Multifunctional MoCx Hybrid Polyimide Aerogel with Modified Porous Defect Engineering for Highly Efficient Electromagnetic Wave Absorption

Abstract Traditional electromagnetic absorbing materials (EWAMs) are usually single functions and can easily affect their performance in diverse application scenarios. Effective integration of EWAMs into multiple function components is a valuable strategy to achieve maximum absorption and multifunction performance while maintaining their indispensable physical and chemical properties.
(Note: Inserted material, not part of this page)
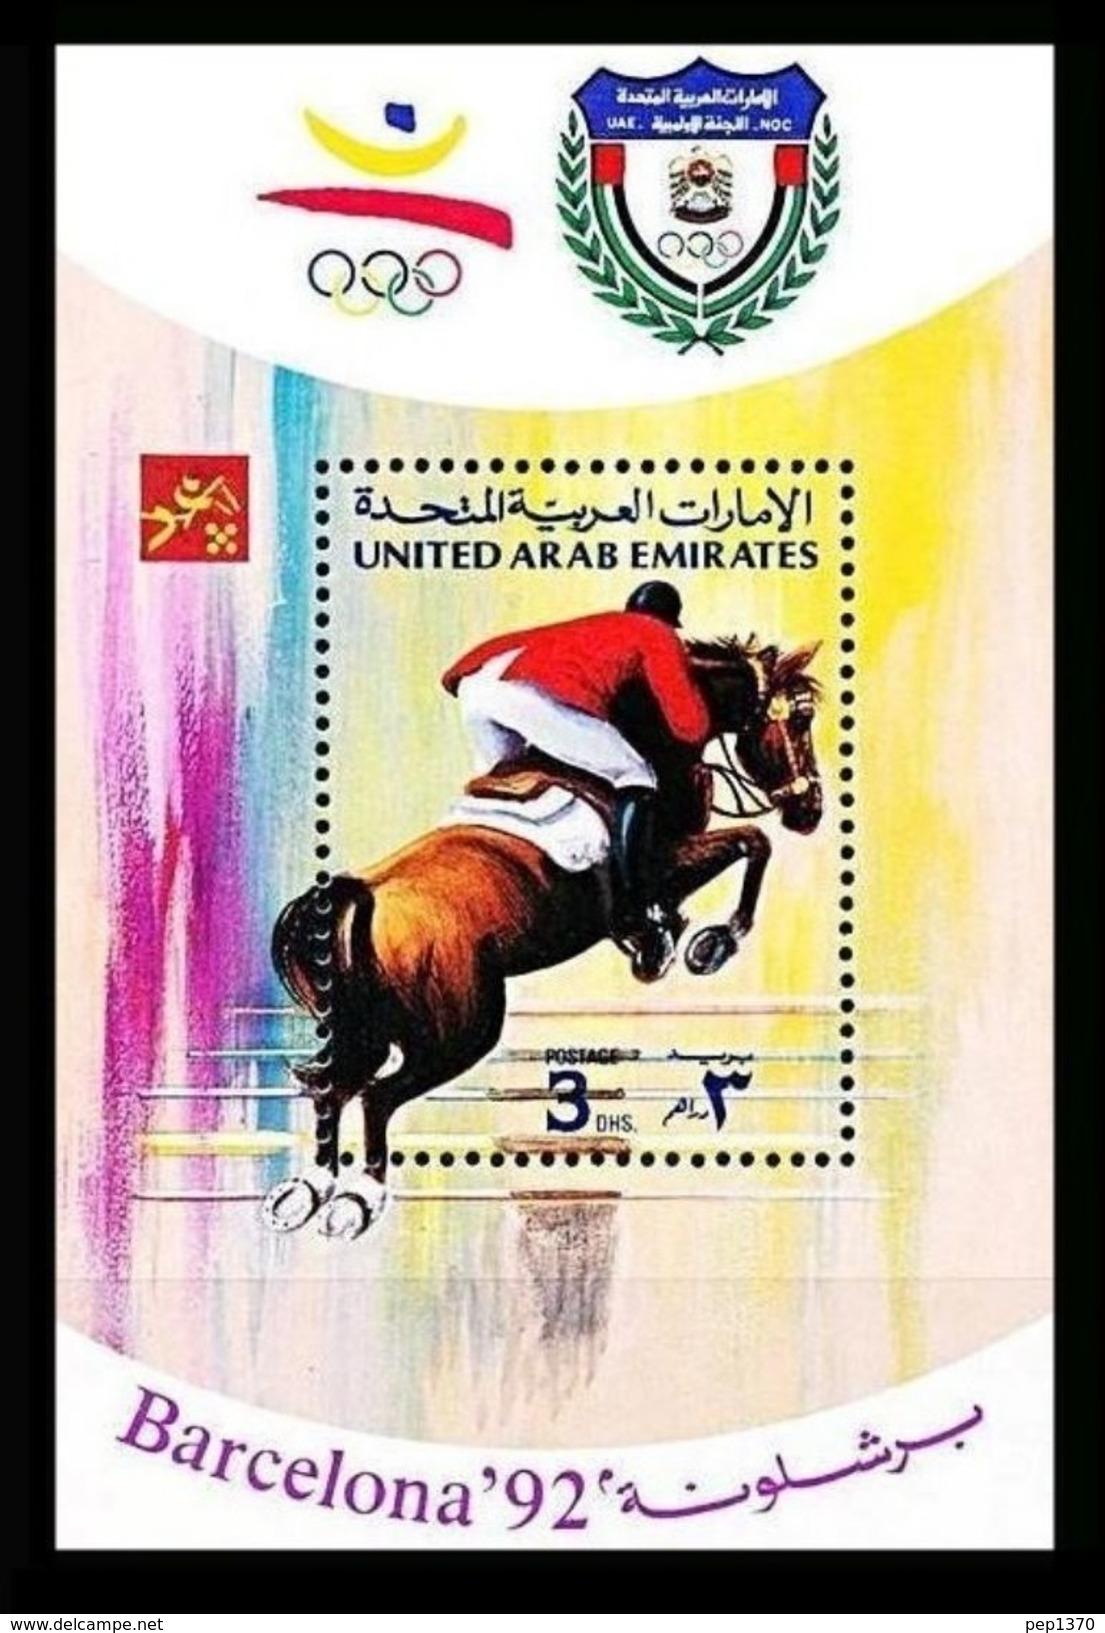 EMIRATOS ARABES UNIDOS 1992 - UNITED ARAB EMIRATES - OLYMPICS BARCELONA 92 - YVERT BF-12  MICHEL BLOCK 11  SCOTT SS 390A - Ver. Arab. Emirate
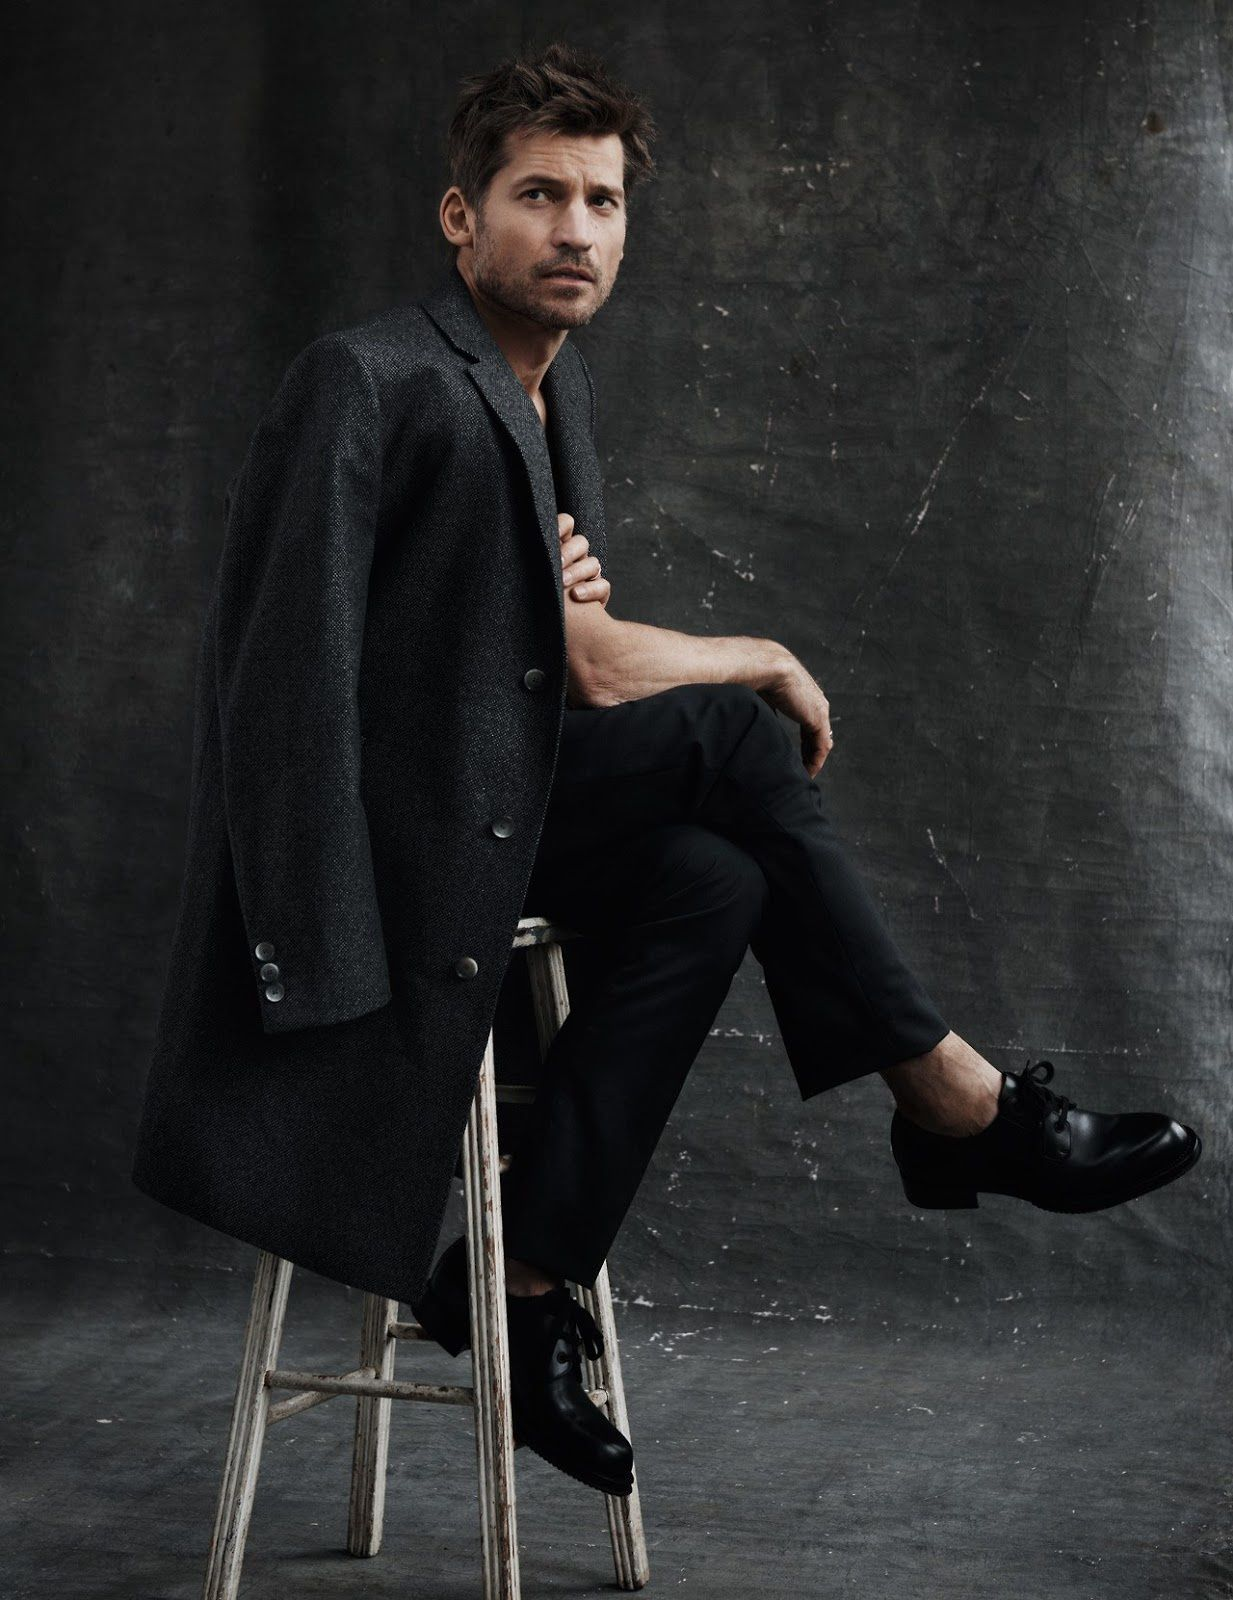 Nikolaj Coster-Waldau par Johan Sandberg

In this work, the polyoxometalates (POMs) serving as “guests” are embedded within the Co‐MOFs to construct 3d/4d‐bimetallic based crystalline precursors of dielectric/magnetic synergistic system. The proper pyrolysis temperature induced the homogeneously distributed metallic Co and MoC x hetero‐units into carbon matrix with modified porous defect engineering to enhance electromagnetic wave (EW). Owing to the brilliant synergistic effect of polarization, magnetic loss, and impedance matching, the superior RL min of −47.72 dB at 11.76 GHz at the thickness of 2.0 mm and a wide adequate absorption bandwidth (EAB) of 4.58 GHz (7.44–12.02 GHz) covered the whole X‐band at the thickness of 2.5 mm for η ‐MoC/Co@NC‐800 are observed. More importantly, the resulting MoC x hybrid polyimide (MCP) aerogel exhibits desirable properties such as structural robustness, nonflammability, excellent thermal insulation, and self‐cleaning capabilities that are comparable to those of commercially available products. This work offers inspiration and strategy for creating multipurpose microwave absorbers with intricate structural designs.